Friday, September 17, 2010
On The Map
Sorry to cheat here. This is in Jaffrey, a larger town that was the southeast corner of the day's trip, and the best anchor for talking about the areas just beyond. Plus I liked the trompe l'oeil painting downtown. In contrast to Fitzwilliam, which I mentioned last time, Jaffrey, Rindge, and New Ipswich are becoming yuppified - or whatever it is they call yuppies nowadays. There is this nostalgic charm, but it tends toward faux nostalgia: road signs with horses on them and new houses in groupings ending in "Estates." The town center is less pricey but more authentic - it still has a shoe repair shop that you enter down a half-flight of stairs from the street, for example. Finns moved into this area a century ago and are still over 10% of the population. Very conservative Apostolic Lutheran Finns who had a dozen children per family and grew New Hampshire's dominant construction firm, Sepalla & Aho. I think that's split into smaller firms now, though you can still find those surnames all through the building trades in the area. They didn't live in town, but in the outskirts, generally.
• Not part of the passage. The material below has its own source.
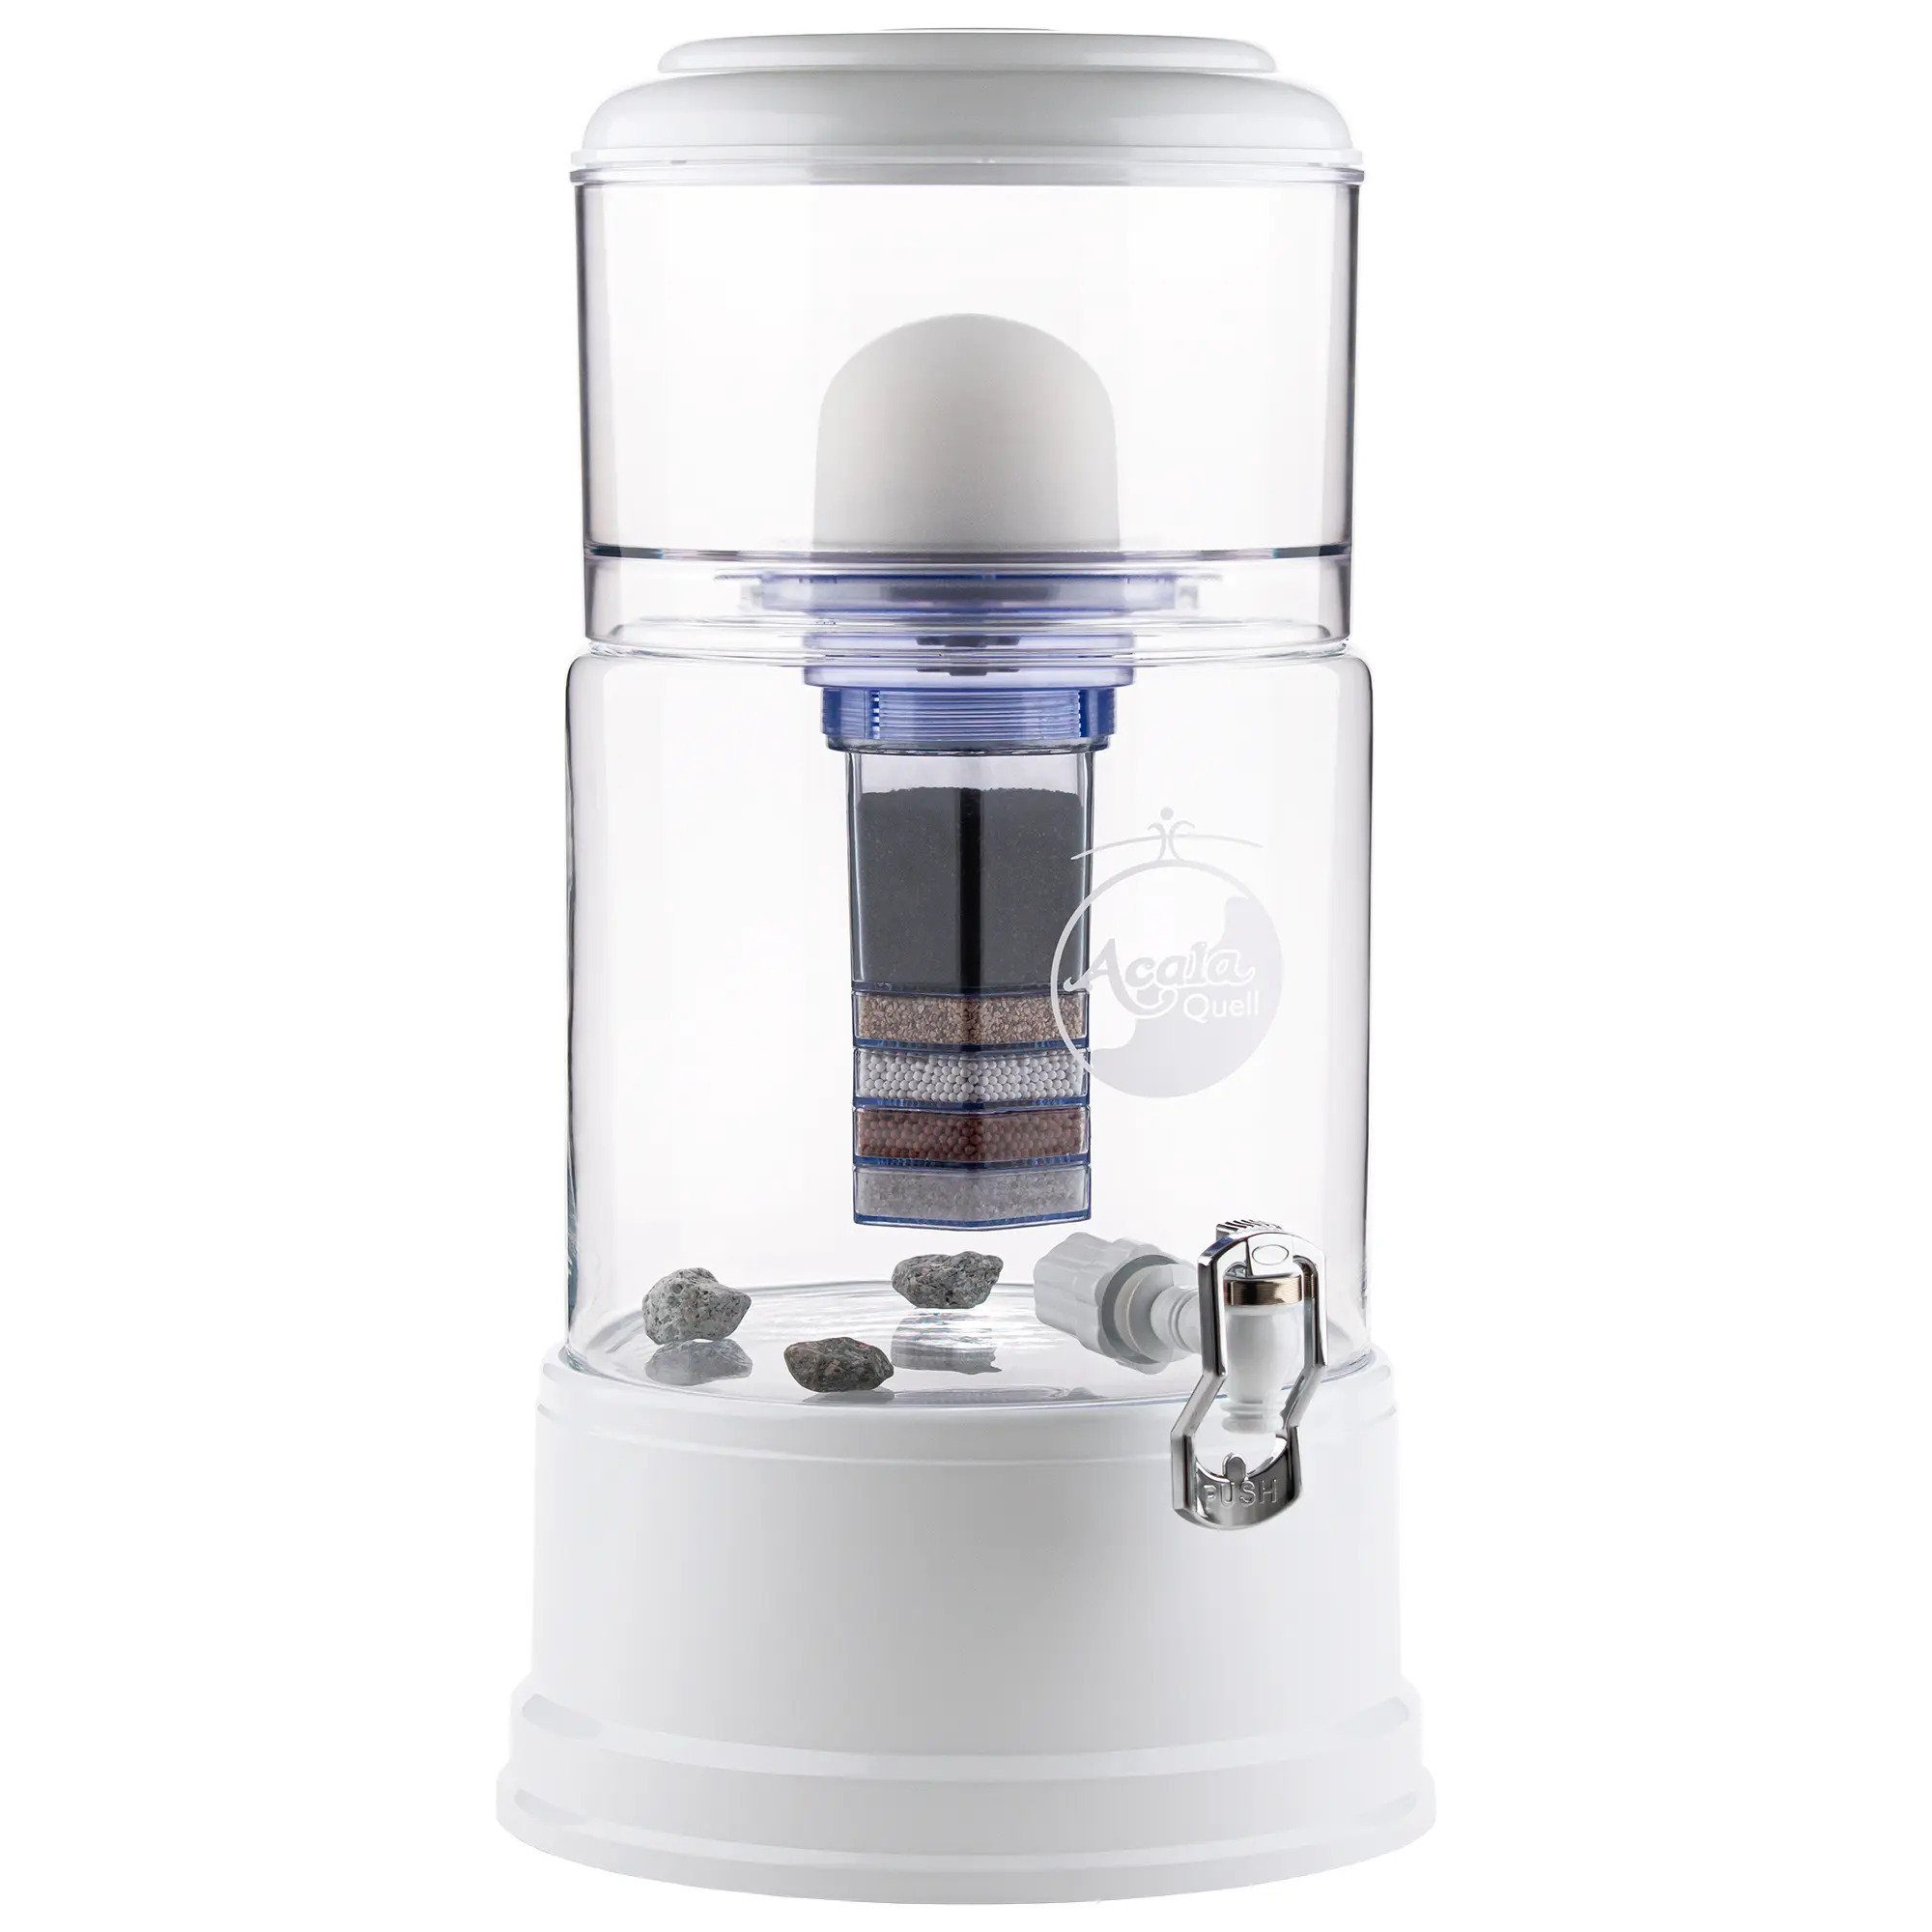 AcalaQuell Wasserfilter Standfilter Smart - mit handgefertigtem Glasbehälter (8 Liter), ideal für 2-4 Personen
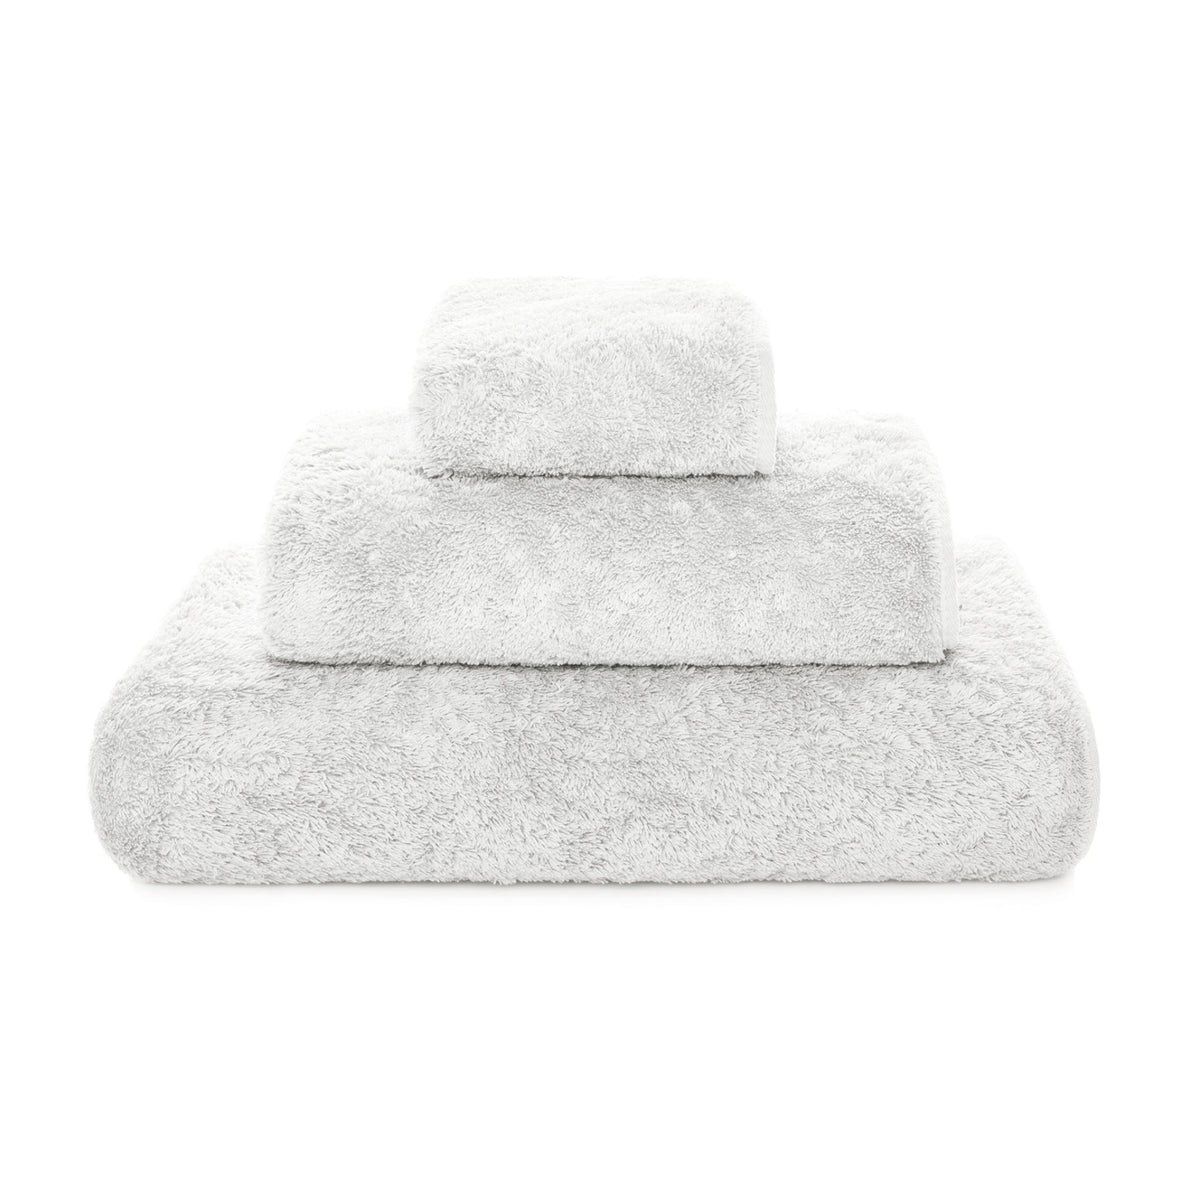 https://flandb.com/cdn/shop/products/Graccioza-Egoist-Bath-Towels-Cloud_1200x.jpg?v=1682505007

Now one dark underside of these charming areas I have been writing about. Starting in the late 60's and gaining momentum in the 70's, the town thugs from Winchester to Jaffrey started hanging out together in Troy, terrorizing residents, shaking down businesses, with the usual B&E's and gratuitous assaults. They eventually graduated to murder, and a number of them were sent off to the state prison in Concord. (One is doing life and is still there.) They were known as the Troy Boys, a silly-sounding name but still dangerous. They became more notorious statewide after they went to prison. The Hell's Angels, up from Lowell and Lawrence, MA were trying to move into NH, and the Manchester based Die Hards had members sent to prison at the same time. (I knew a few of the Die Hards from my old neighborhood - one quite well. Glad he liked me. I apparently had done him some favor - or he thought I did - when were were in grade school.) All three gangs wanted to rule the prison population - the unlikeliest group, the rural Troy Boys eventually succeeded at this until some semblance of order was established in the 80's. The other two groups, along with Devil's Disciples and other gangs trying to establish a foothold, were notorious at Bike Week in Laconia, taking over whole sections where the police refused to go. But the Troy Boys never went the motorcycle route - just rural thugs who liked to beat the crap out of people and didn't much care how badly damaged they got in the process. You can read some current memories of them here. It's hard to find much information about them anymore.